__What you are asked to do__. As the answer, return precisely the lines from the one containing "NFL STEELERS LED Neon Sign" to the final line of the material below, inclusive, and omit every picture.

__Information provided__.
• • •

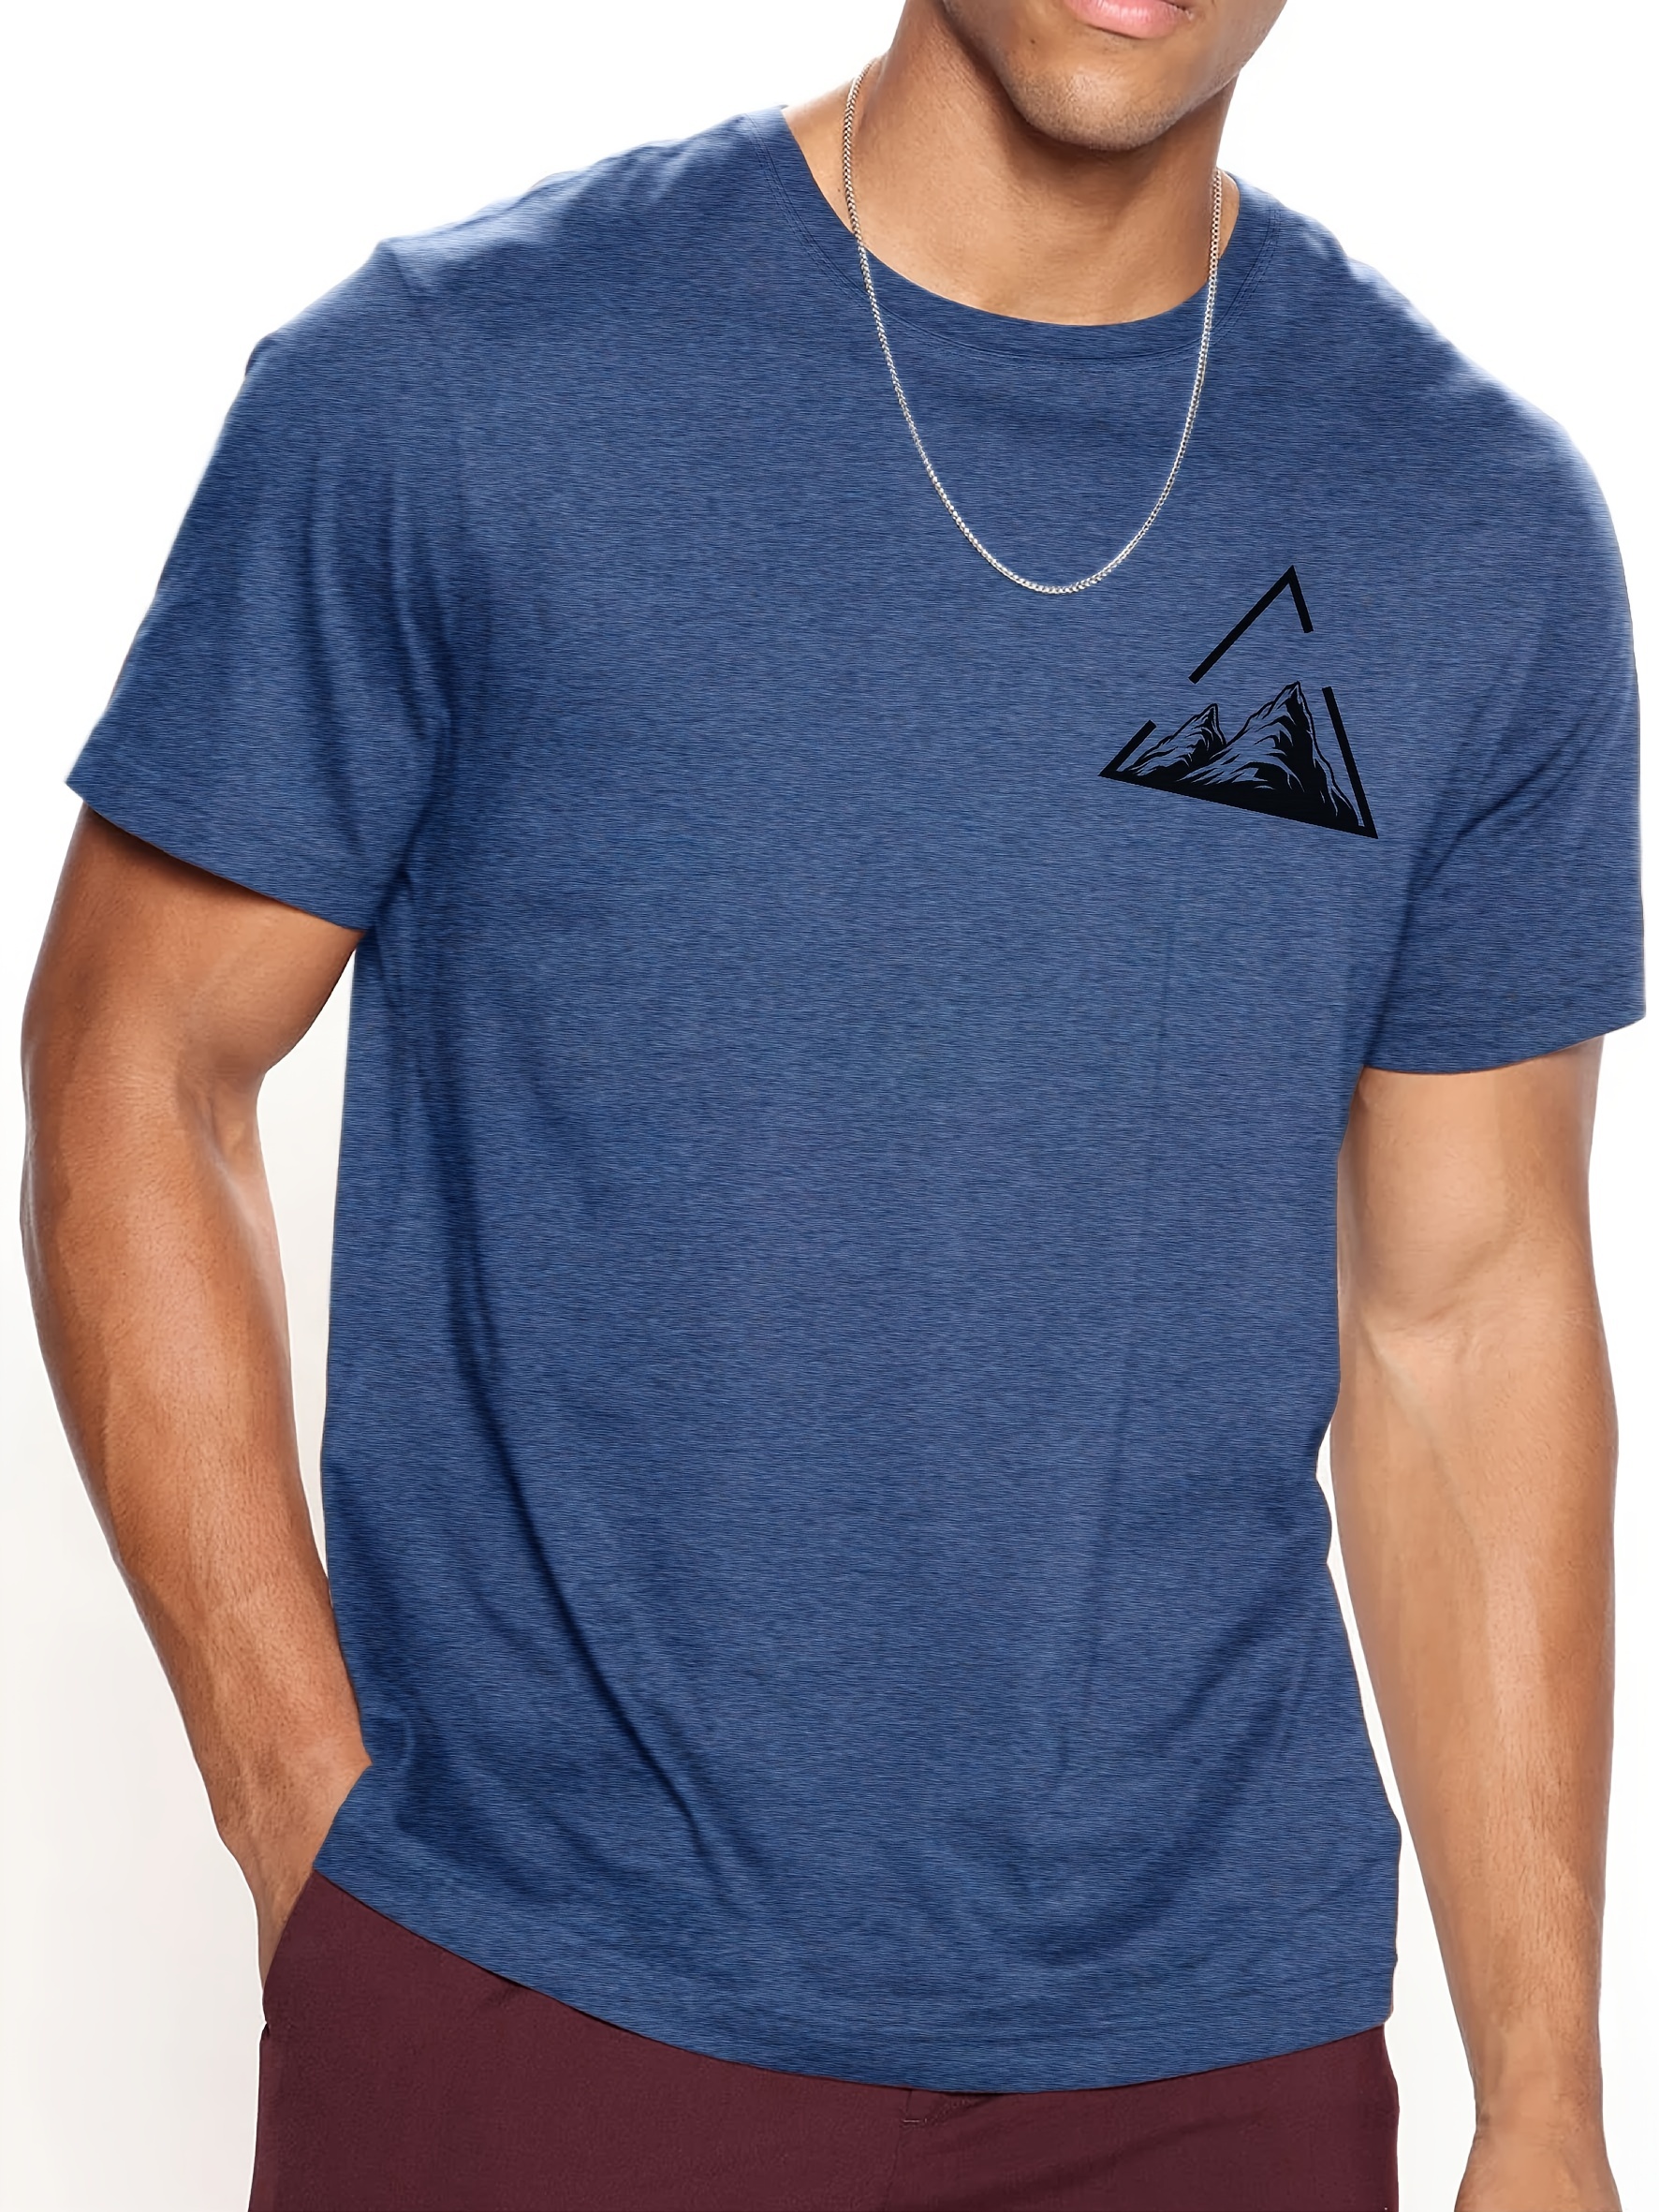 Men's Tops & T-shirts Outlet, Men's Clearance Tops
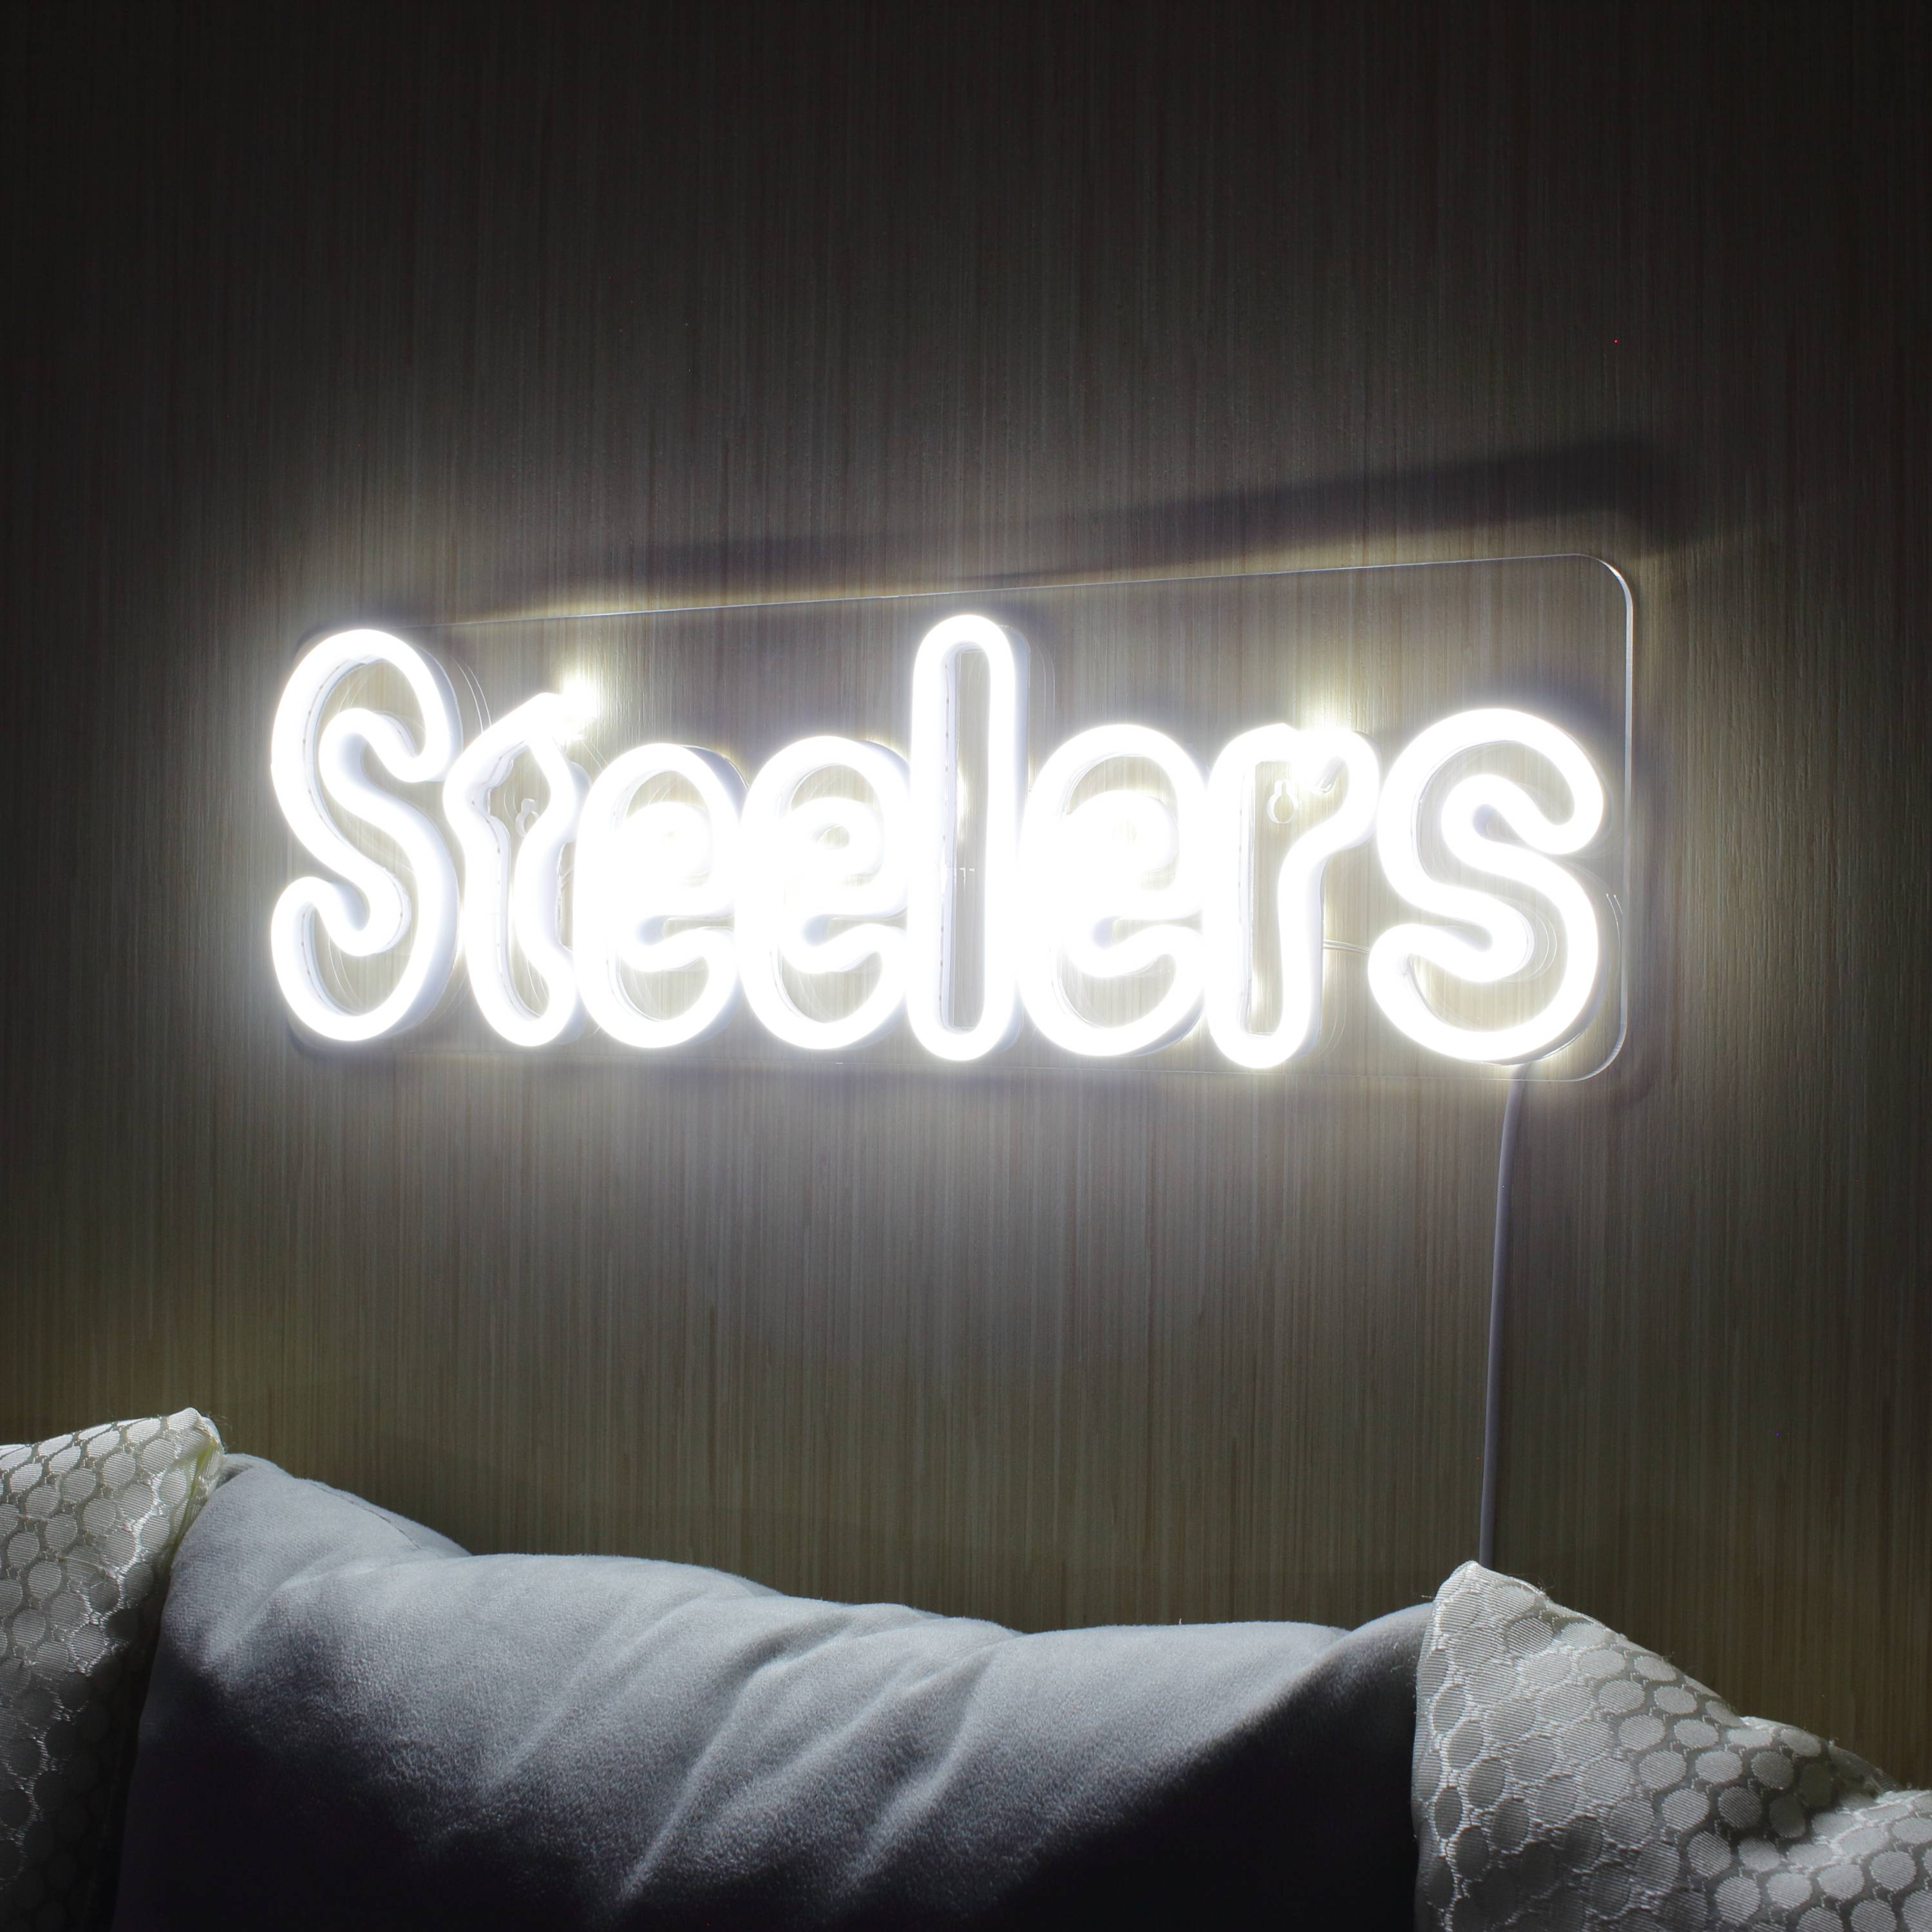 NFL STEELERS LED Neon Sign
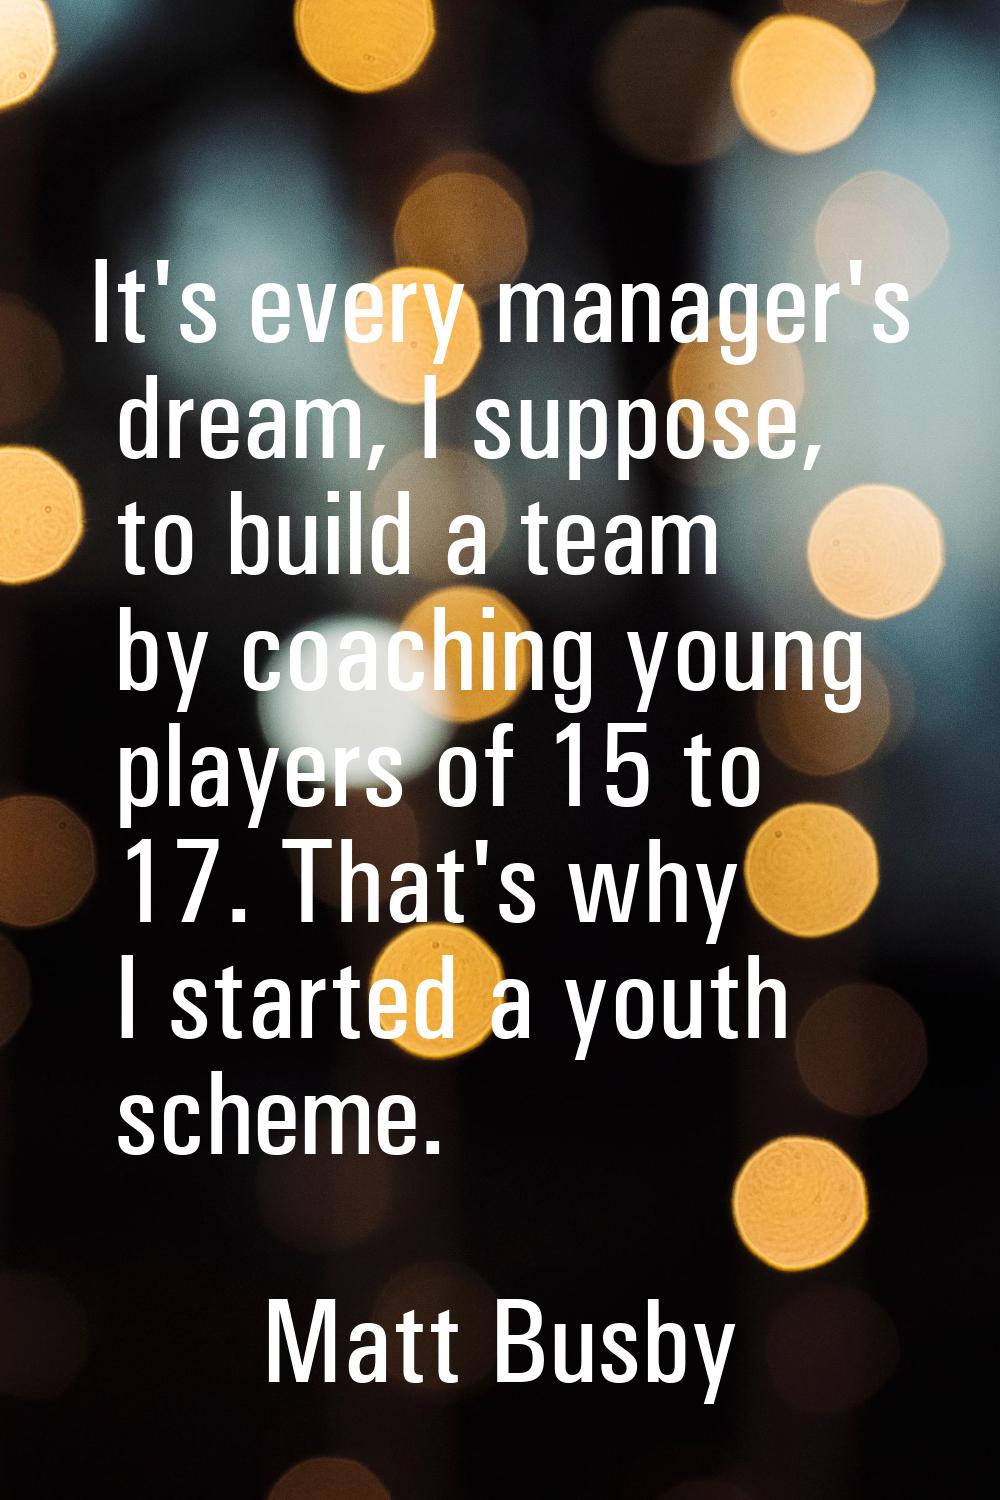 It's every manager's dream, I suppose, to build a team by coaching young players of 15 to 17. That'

• • •

__Your response__.
 NFL STEELERS LED Neon Sign
 It's every manager's dream, I suppose, to build a team by coaching young players of 15 to 17. That'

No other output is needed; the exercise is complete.